46 million living in poverty in United States!
WASHINGTON (PNN) - September 13, 2011 - The U.S. poverty rate hit its highest level since 1993 last year with a record 46 million Americans living below the poverty line, according to a government report on Tuesday that depicted the grim effects of stubbornly high unemployment.
Underscoring the economic challenges that face illegitimate President Barack Obama and Congress, the U.S. Census Bureau said the poverty rate rose for a third consecutive year, to hit 15.1% in 2010. The number of people in poverty was the largest since the government first began publishing estimates in 1959.
The poverty line for an American family of four with two children is annual income of $22,113. Data showed that children under 18 suffered the highest poverty rate, 22%, compared with adults and the elderly.

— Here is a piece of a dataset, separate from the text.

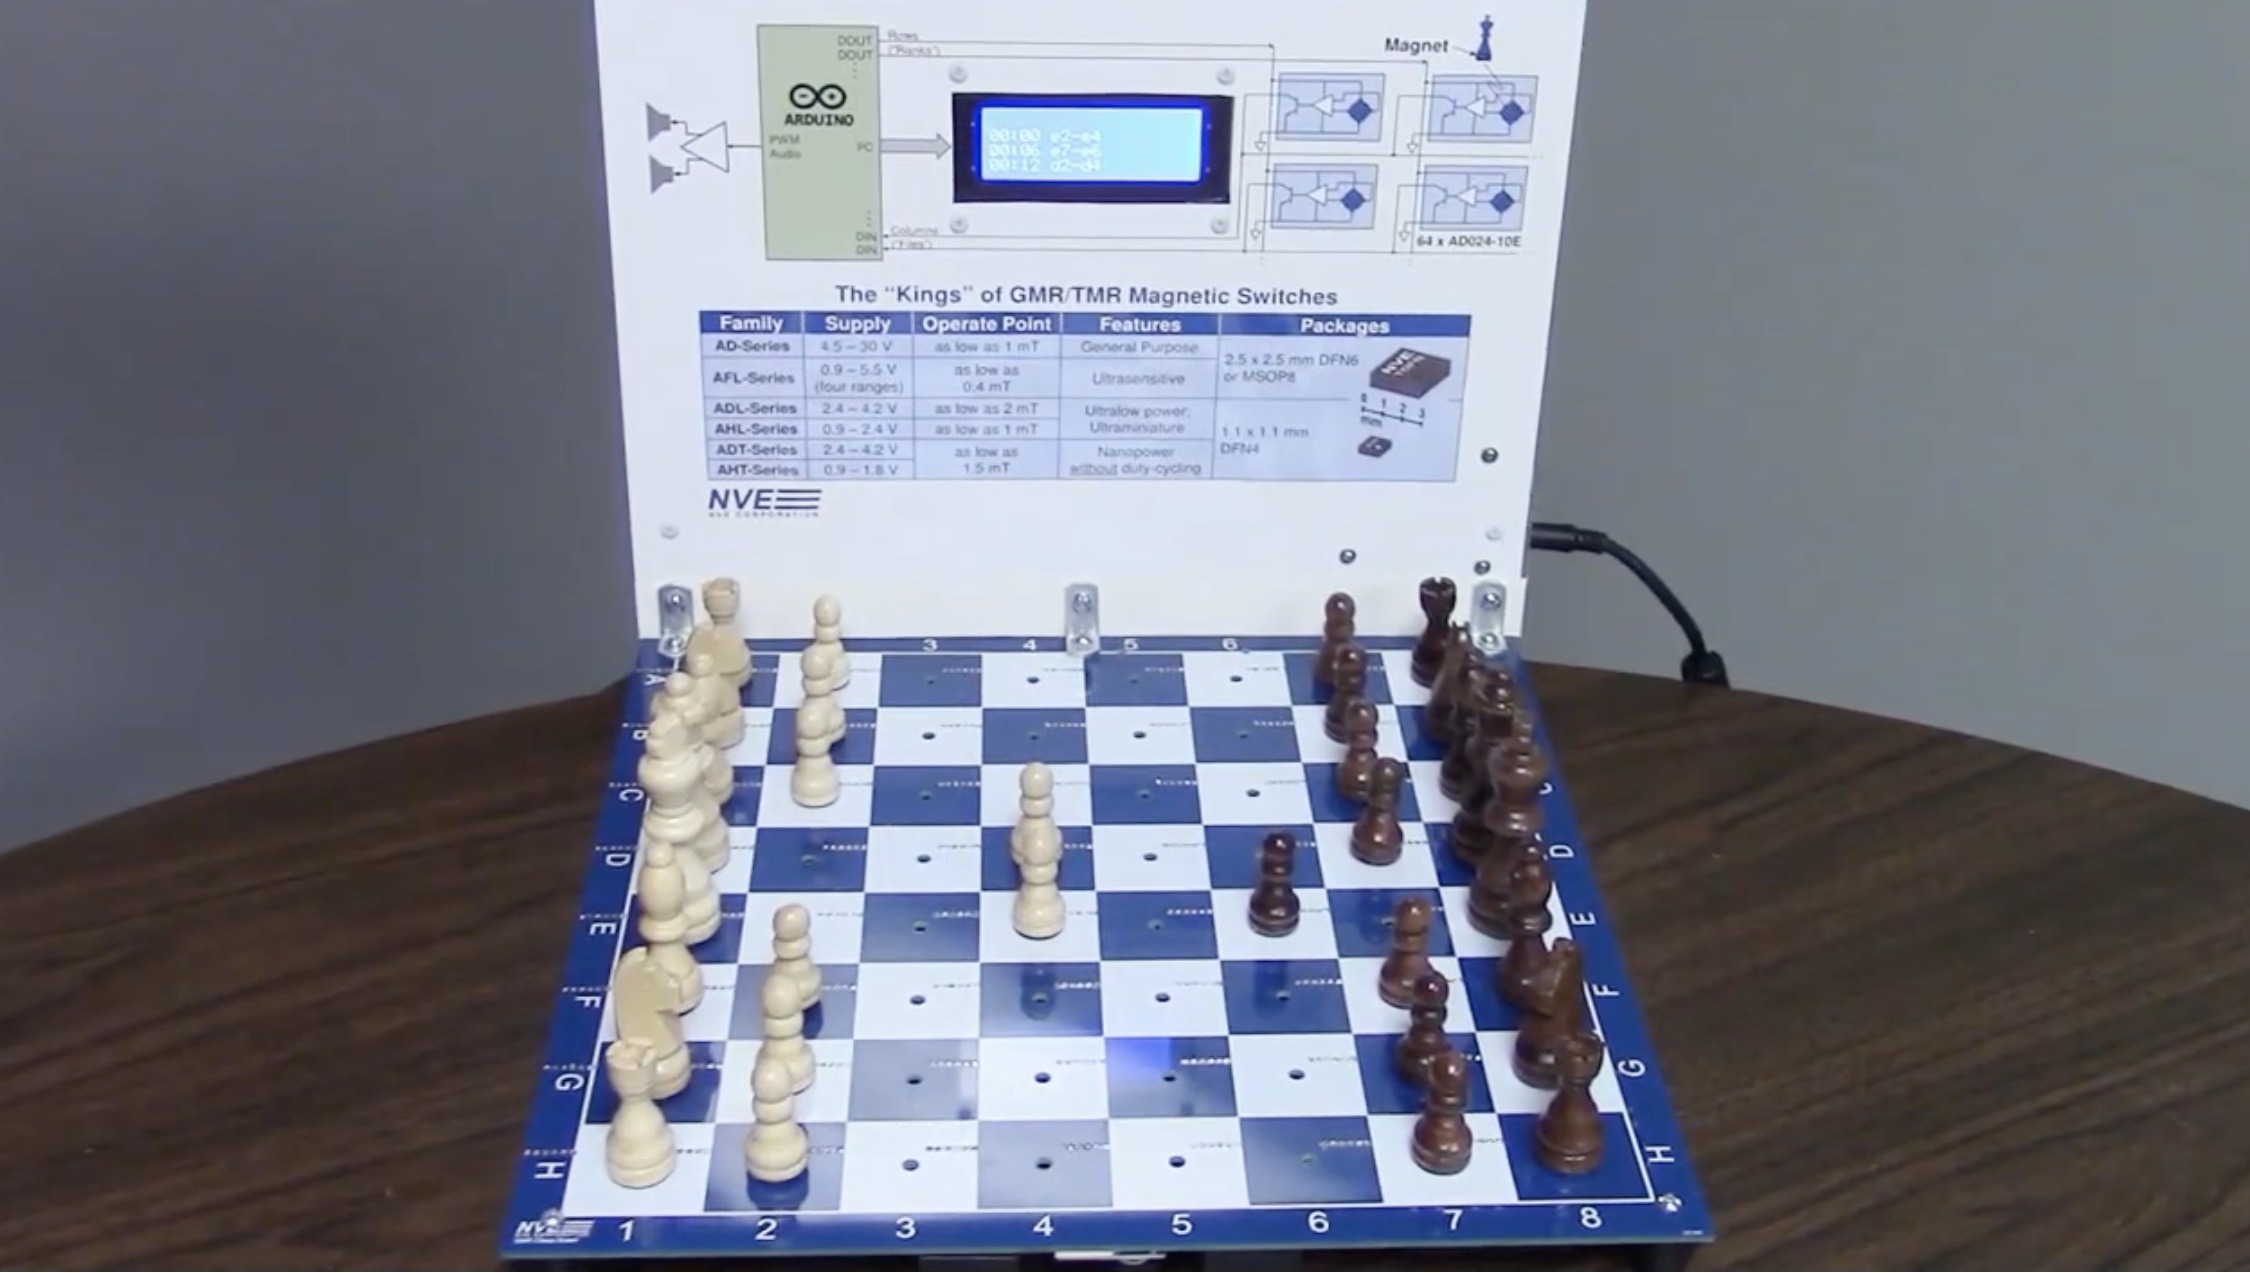 Los prácticos interruptores magnéticos hacen posible este tablero de ajedrez electrónico

Underlying the Census data was a rate of economic growth too meager to compensate for the loss of hundreds of thousands of jobs from 2009-2010, as the Depression continues while the jobless rate shot up from 9.3% to 9.6%.
"All of this deterioration in the labor market caused incomes to drop, poverty to rise and people to lose their health insurance," said Heidi Shierholz of the Economic Policy Institute think tank. "One of the immediately obvious issues this brings up is that there is no relief in sight."
Salvation Army Major David Harvey knows well the effects of grinding poverty on Chicago's South Side, where he attended a food giveaway on Tuesday. "There are more families falling into poverty," he said. "That's multiplied on the South Side of Chicago where there are pockets with 20% or more unemployment."
The United States has long had one of the highest poverty rates in the developed world. Among 34 countries tracked by OECD, only Chile, Israel and Mexico have higher rates of poverty.